Civil air transport has more than 25,000 airliners flying missions around the globe daily. Figure 2 shows the busiest areas.

Figure 2. Flightradar24 picture of air transport around the globe. Source: Flightradar24.

With each aircraft flying around four missions per day, we have about 100,000 flights daily (domestic aircraft flies up to seven flights a day, while long-range aircraft average two per day).

Despite air transport representing about 2-3% of the global CO2 emission problem, aviation is a very visible source of emissions (it’s loud, flying over our heads, and smells around airports).

Therefore, the industry, being high-tech and, by it, used to tackling complex problems, has expressed an ambition to get emissions under control (the latest declarations from COP26 in Glasgow don’t really stipulate any agreed-upon limits or curves) and has invested in the creation of alternative propulsion technologies to reduce or eliminate hydrocarbon fuel burn.

The industry also realizes that more than 1,000 airliners are delivered into the 25,000 every year (the majority as replacements) and that something must be done for these already existing aircraft that will live until at least 2050. The answer is to increase the blend of Sustainable Aviation Fuel (SAF), which is a fuel that is close to CO2 neutral on a life cycle basis.

Progress to date

The series is about the progress made so far, both in terms of alternative, more efficient propulsion systems and the increased use of SAF.

We will compare aviation’s progress with ground transport, a much bigger part of the problem (15% versus 3%, Figure 3), but has made further progress in changing propulsion away from hydrocarbon-fueled thermal engines.

Figure 3. Greenhouse emissions by sector.

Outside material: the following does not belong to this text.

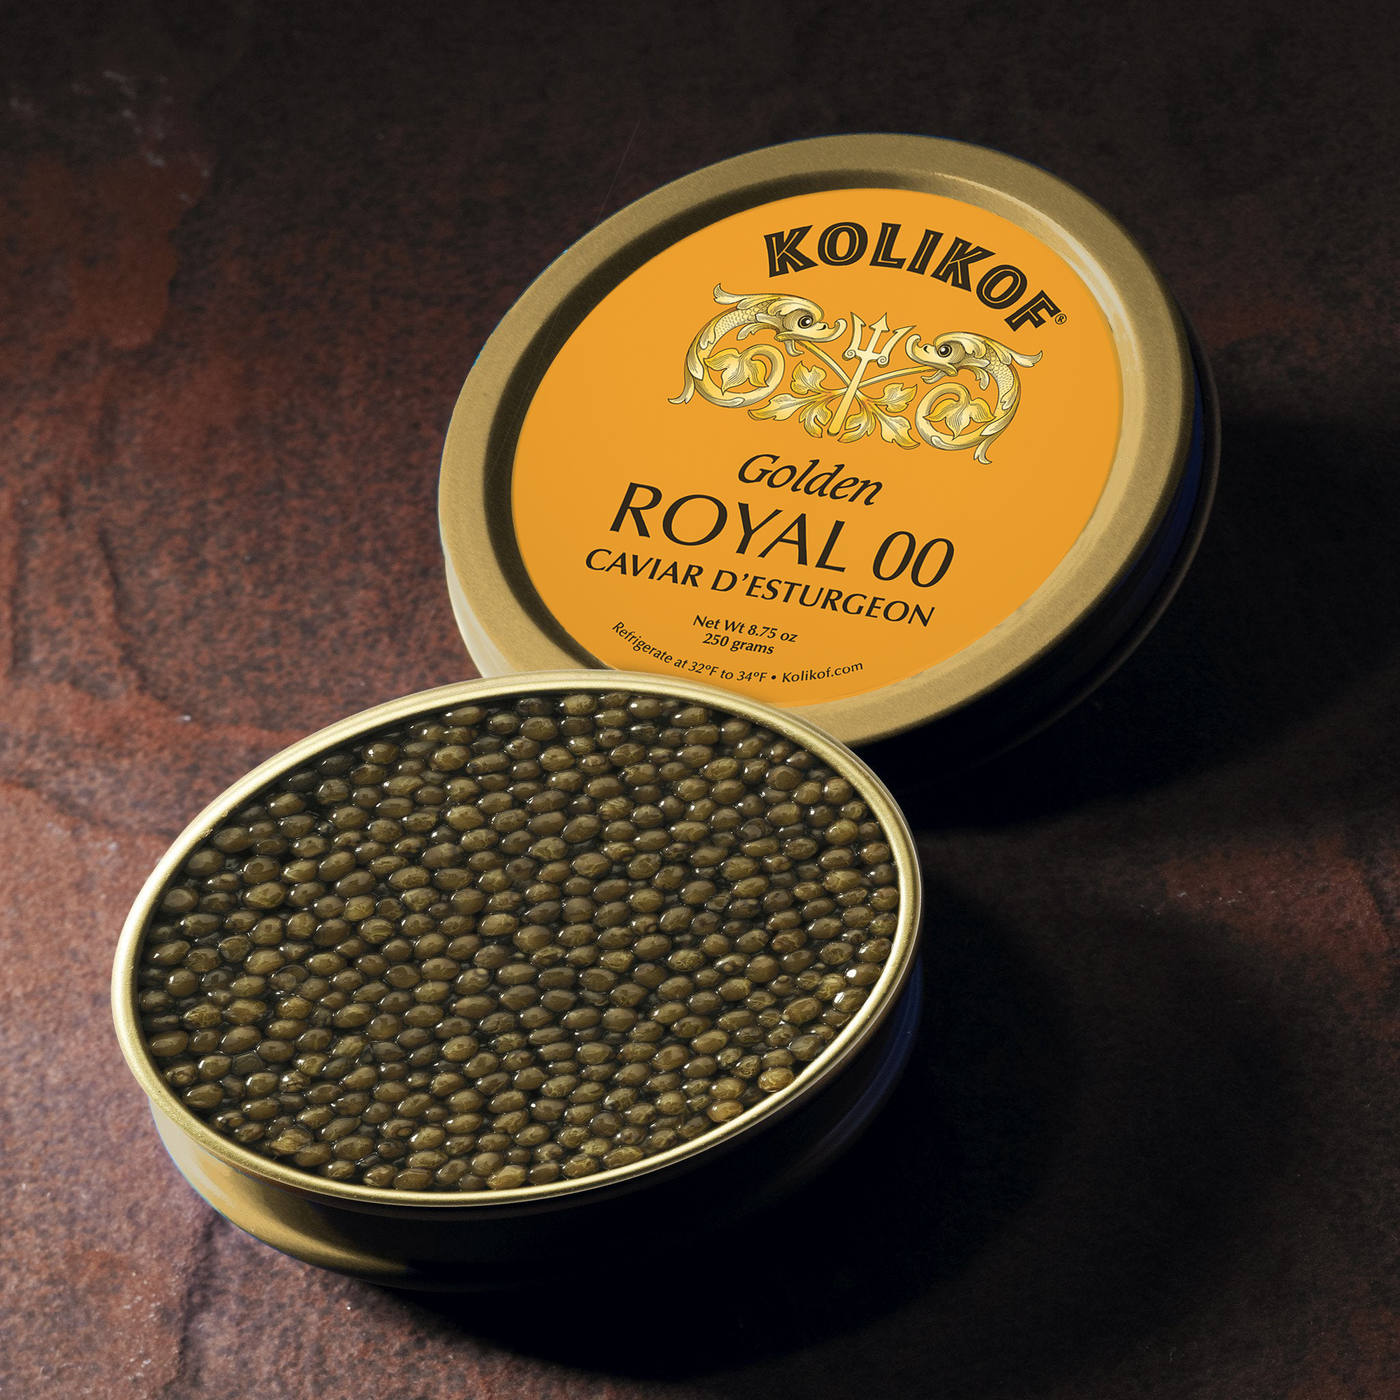 Golden Royal 00 Caviar

Source: Our World in Data.

We will discuss why there is progress for land transport and lack of progress in the air, what projects we see will contribute to changes in how we provide energy for air transport, and when this will affect curves like those in Figure 3.

24 Comments on “Bjorn’s Corner: Air Transport’s route to 2050. Part 1.

  1. Lots of areas were trees could grow fast and well managed are not used nor well managed. Hence the supply of cellulose for SAF and other use could increase almost 10 fold if a coordinated effort is made and as they consume CO2 and emit O2 that would lower CO2 in atmosphere. The Eastern US used to be trees from Lake Michigan to Gulf of Mexico that is mainly farmland today. Many countries sell rights to take all trees in an area for cash without requirement for replantation.

  2. Land transport hasn’t improved that much at all,there are billions of tons of batteries being driven around. The simple fact that no one seems to be focusing on is that many more lorries and vans are going to be needed to transport the same amount of goods. The UK has lifted the weight limit for a van from what was previously considered safe from 3.5 tonnes to 4.2 tonnes and these large vans still have a very poor range.
    Meanwhile,David O’Leary has threatened to “axe hundreds of routes “ if the UK government increases aviation taxes .Job done, only effective way to reduce emissions.Also improves health and provides lots of money for the NHS.What’s not to like?

  3. EV council of Australia calculates that BEVs reduce lifetime emissions by 40% on a like for like basis. Given upsizing of cars over the last 50 years I don’t think we’ve gone very far with land transport

  4. Regarding LH2 (fuel cell) aviation:

    “Airbus and Toshiba to partner on superconductivity research”

    “Over the past 10 years, Airbus has made efforts to derisk superconducting technologies. Recently, Airbus UpNext launched Cryoprop, a demonstrator to test a two megawatt-class superconducting electric propulsion system. Toshiba has been conducting research and development of superconducting technology applications for nearly half a century and has released its own two megawatt-class superconductivity motor prototype for mobility applications in June 2022.”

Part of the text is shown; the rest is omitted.